She lay still with her eyes open and went through the events of the pat week. Her ankle still hurt a little but she had been able to walk on it. Josh had been so sweet coming over to see if she was okay. But what was up with Emily?

Bea sighed and slid to the edge of the bed. She walked over to the window. The sky was a pretty shade of pink this early in the morning. Over the garden Bea could see sunlight just hitting the spire of St Brigid’s Church peaking over the treetops. From a distance she could hear waves crashing on the beach. The tide must be in ― that’s when the waves sounded loudest. A ribbon of mist hung in the air above the beach. The morning’s stillness reminded her of something, but as usual it hung tantalisingly out of reach.

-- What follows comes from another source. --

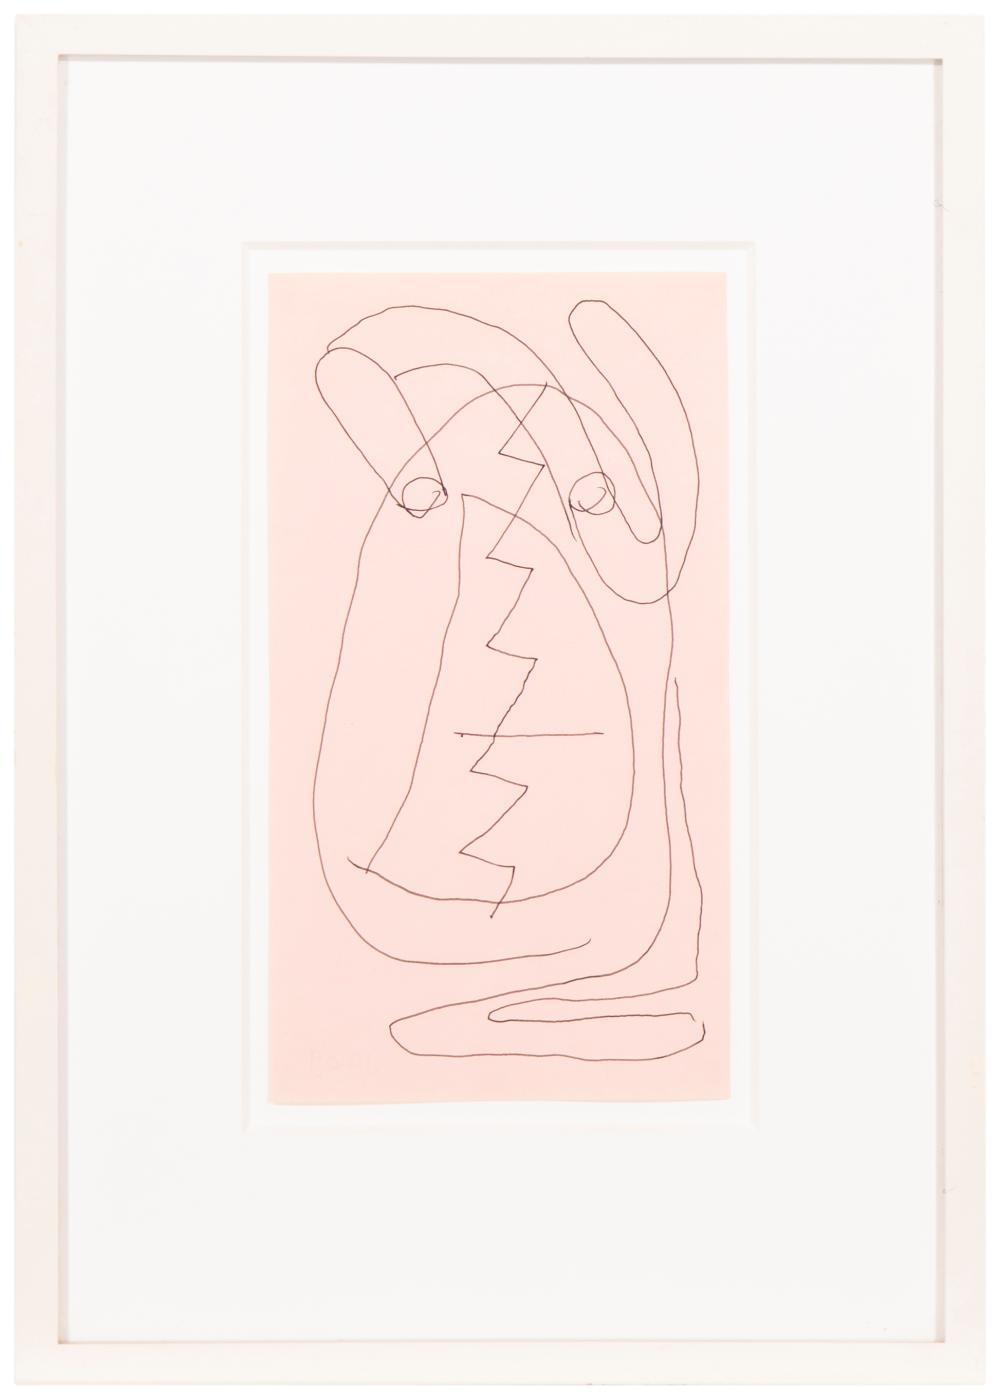 Joe Bradley, (b. 1975, American), Untitled, 2009, Ink on colored paper under Plexiglas, 8.75

She picked up her dress and tiptoed across to the bathroom. She didn’t want to wake her grandmother so early. Bea dressed by the light coming softly through the window. She walked barefoot down the stairs to the front door. Bea paused for a moment to listen, but the cottage was silent. She closed the door softly behind her and filled her lungs with fresh morning air. It made her feel alive. The grass was damp and cold on her bare feet. She smiled and thought how her grandmother would scold if she knew. ‘You’ll catch your death of cold, child,’ Gramma would say. Bea walked across the garden to the gate that led down to the beach. She enjoyed being on her own. The day was starting to brighten. Bea paused at the top of the stairs and watched the waves. It was so peaceful.

She followed the path that led down from the back of the cottage. Small pebbles crunched under her feet as Bea reached the beach. The walk along the shoreline was her favourite and she headed toward the rocks at the northern end of the beach. Fishing boats were pulled up on the shore, turned upside down and strewn with drying fishing nets.

Bea knew she had been here before—some time ages ago. She just didn’t know when. The sound of the waves crashing against the pebbles reminded her of something she couldn’t quite remember. It was just another dim memory from somewhere in her past. As she made her way around the upturned fishing boats she turned and looked back toward the cottage at the top of the slope. A curl of smoke was rising from the chimney and Bea thought about her grandmother inside. She hoped she hadn’t disturbed her.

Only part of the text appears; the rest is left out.